Data excerpts -
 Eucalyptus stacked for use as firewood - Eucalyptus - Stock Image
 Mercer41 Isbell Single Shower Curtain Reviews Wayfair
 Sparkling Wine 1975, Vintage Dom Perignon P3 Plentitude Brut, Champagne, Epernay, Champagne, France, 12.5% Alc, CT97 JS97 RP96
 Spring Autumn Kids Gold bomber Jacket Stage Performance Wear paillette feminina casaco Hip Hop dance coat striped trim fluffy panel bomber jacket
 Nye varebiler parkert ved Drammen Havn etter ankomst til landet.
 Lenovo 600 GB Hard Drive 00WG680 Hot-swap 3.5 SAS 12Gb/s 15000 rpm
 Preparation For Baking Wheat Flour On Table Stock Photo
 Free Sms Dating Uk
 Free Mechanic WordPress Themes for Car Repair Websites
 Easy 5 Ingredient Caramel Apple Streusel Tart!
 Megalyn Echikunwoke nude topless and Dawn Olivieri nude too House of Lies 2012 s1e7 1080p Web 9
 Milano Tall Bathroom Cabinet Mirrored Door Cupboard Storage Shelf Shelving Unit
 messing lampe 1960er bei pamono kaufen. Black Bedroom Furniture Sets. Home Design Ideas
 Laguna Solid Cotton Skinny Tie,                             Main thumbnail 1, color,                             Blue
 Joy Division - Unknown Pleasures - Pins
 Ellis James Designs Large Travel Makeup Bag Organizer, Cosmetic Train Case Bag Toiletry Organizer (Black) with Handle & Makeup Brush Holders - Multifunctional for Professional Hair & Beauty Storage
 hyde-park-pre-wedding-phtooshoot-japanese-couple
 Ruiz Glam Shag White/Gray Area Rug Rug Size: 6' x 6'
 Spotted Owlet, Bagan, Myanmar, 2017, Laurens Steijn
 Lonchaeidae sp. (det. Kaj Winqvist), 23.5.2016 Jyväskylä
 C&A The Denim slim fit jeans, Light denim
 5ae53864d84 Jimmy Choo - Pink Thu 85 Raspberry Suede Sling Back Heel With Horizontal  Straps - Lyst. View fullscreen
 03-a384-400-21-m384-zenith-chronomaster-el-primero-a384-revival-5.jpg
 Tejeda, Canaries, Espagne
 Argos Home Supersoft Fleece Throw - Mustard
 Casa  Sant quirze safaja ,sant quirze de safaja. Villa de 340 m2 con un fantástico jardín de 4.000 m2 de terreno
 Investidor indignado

Exercise objective - Go through the lines above and copy any that contain "Home".

Response to this task -
 messing lampe 1960er bei pamono kaufen. Black Bedroom Furniture Sets. Home Design Ideas
 Argos Home Supersoft Fleece Throw - Mustard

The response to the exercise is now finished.